In an interview, Peña said this was contrary to the popular notion that Alih beheaded Batalla, adding that the decades-long belief was false.

As to Abendan, Alih’s lawyer said the police official died of severe burns from the siege.

Peña argued that his client’s right to due process was grossly violated with the turn of events.

He explained that the amended charge of serious illegal detention is “distinct and different” from the original case of murder, which is a substantial amendment which requires a reinvestigation at the prosecutors’ level.

The lawyer added that “the amended information for serious illegal detention from murder is a substantial amendment which prejudiced the rights of the accused.”

“The record will categorically show that the court never acquired jurisdiction over the charge of ‘serious illegal detention’ against the accused.
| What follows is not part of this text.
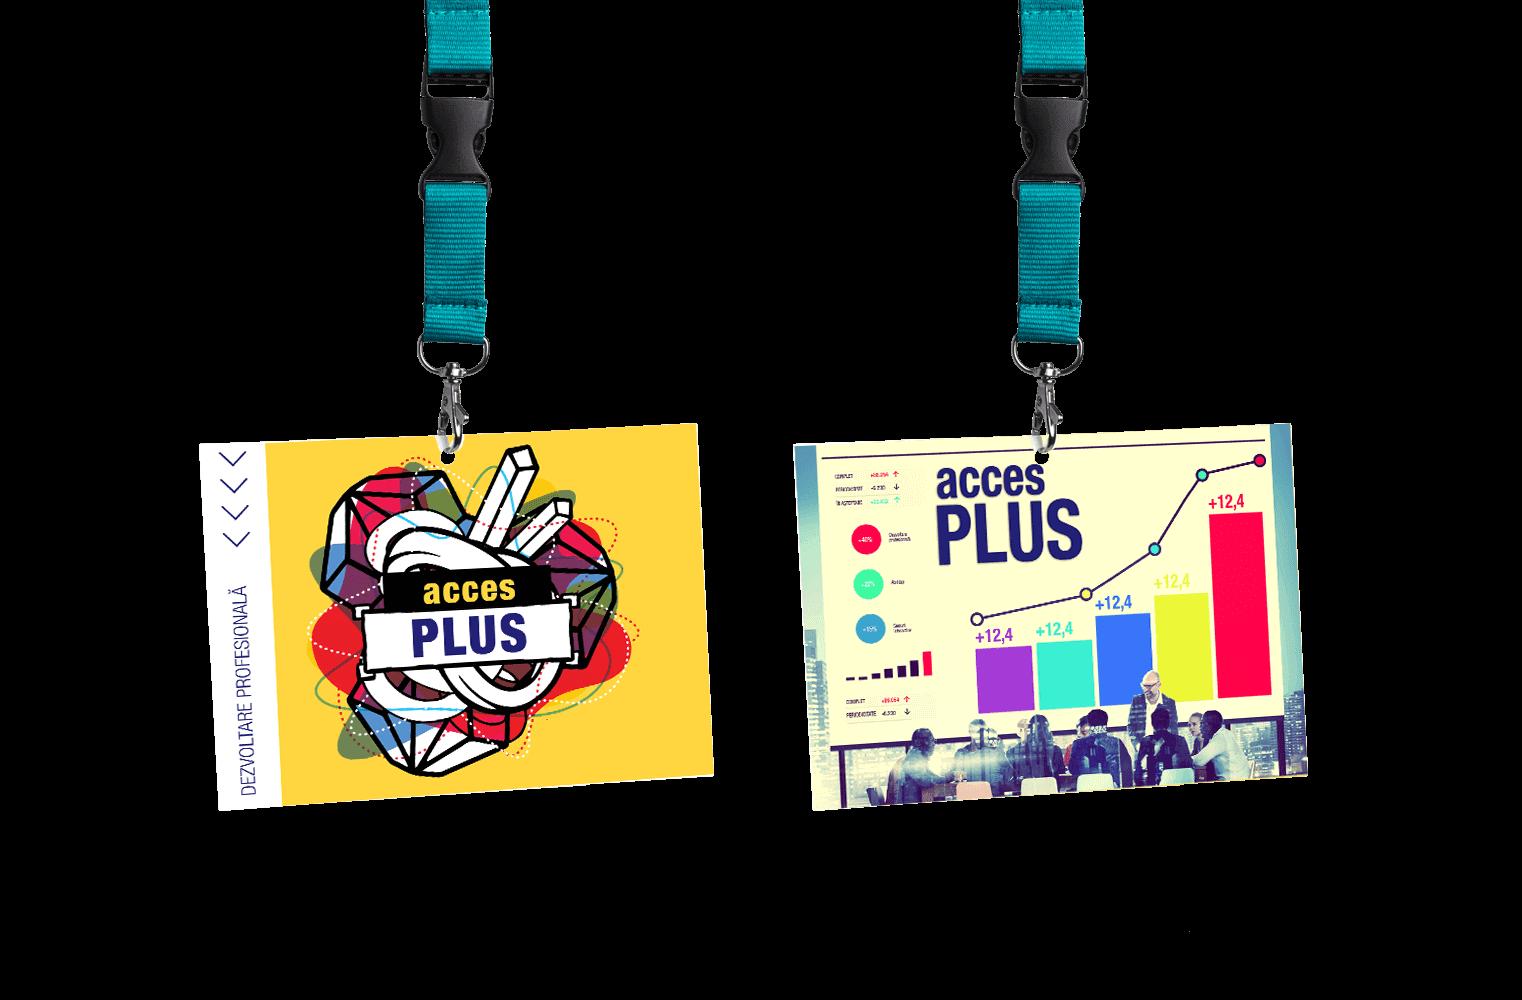 bd-card-badge-3

As such, the proceedings may be declared as null and void or a complete nullity,” Peña said.

Peña added that even if the prosecution sought to amend the charges, the recourse should be the dismissal of the murder cases and the holding of a new preliminary investigation to look into the charge of serious illegal detention.

Both murder and serious illegal detention are non-bailable offenses under the Revised Penal Code. Both also carry the same penalty of reclusion perpetua.

In 2006, the Supreme Court ordered the transfer of  the trial from Zamboanga to Quezon City, citing security reasons.